1.0.0 • Published 2 years ago

cached-levenshtein v1.0.0

Weekly downloads
-
License
MIT
Repository
github
Last release
2 years ago

cached-levenshtein

cached-levenshtein is a package that provides a sometimes faster implementation of the Levenshtein distance algorithm by using caching. It is based on fastest-levenshtein, which is known for its impressive performance. If you need to find distances for a LOT of often repeated strings - this is your choice.

Installation

You can install cached-levenshtein via npm:

npm install cached-levenshtein

Usage

To use cached-levenshtein, you can simply import it and use the distance method:

const { distance } = require('cached-levenshtein');

const str1 = 'hello';
const str2 = 'world';

const result = distance(str1, str2);
console.log(result); // Output: 4

Caching

This implementation of the Levenshtein distance algorithm uses caching to improve performance. If you have a lot of long strings to compare, this package can be more than 80 times faster than a regular Levenshtein distance implementation.

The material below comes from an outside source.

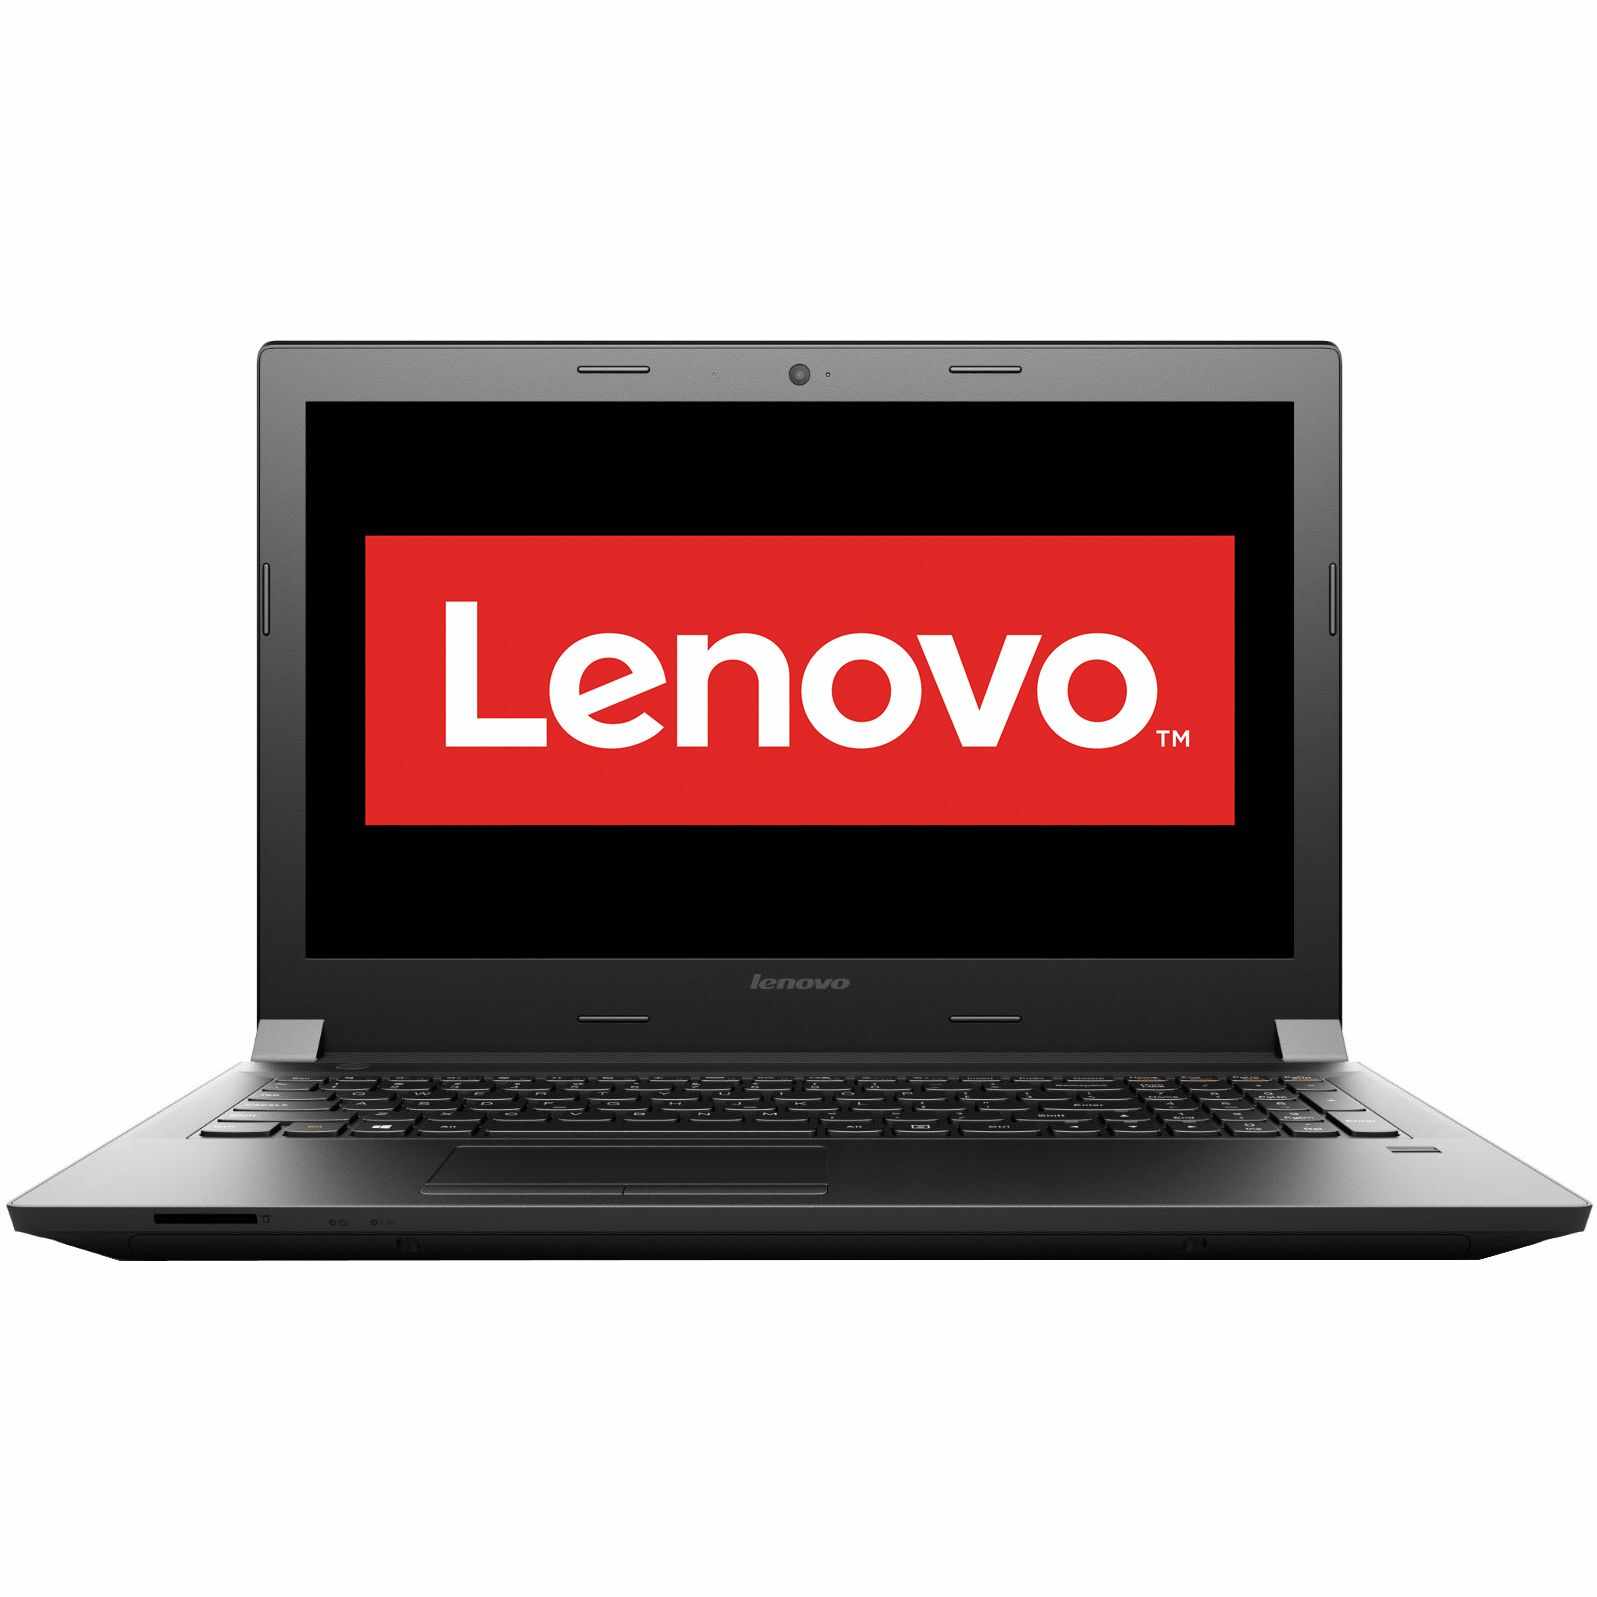 Laptop Lenovo B50-80, Intel Core i3-4005U 1.70GHz, 4GB DDR3, 500GB SATA, DVD-RW, 15.6 Inch, Webcam

However, caching has an overhead, so if you know that your strings will always be different, using caching may be redundant.

Performance

The performance of cached-levenshtein is impressive, especially when compared to a regular Levenshtein distance implementation. Below is a chart that shows the performance difference between cached-levenshtein and a regular implementation for 1000 RANDOM strings. The more exact strings dataset contains, the better performance cached-based implementation will give.

Chart | string length | fastest-levenstein (op/sec) | cached-levenstein (op/sec) | | :----------- | :-------------------------- | :-------------------------- | | 4 | 40,121 | 7,856 | | 8 | 20,671 | 7,927 | | 16 | 10,605 | 6,862 | | 32 | 4,872 | 6,142 | | 64 | 1,008 | 3,983 | | 128 | 328 | 2,636 | | 256 | 98 | 1,762 | | 512 | 22 | 993 | | 1024 | 6 | 538 |

Acknowledgements

This package is based on fastest-levenshtein, which provides a fast implementation of the Levenshtein distance algorithm.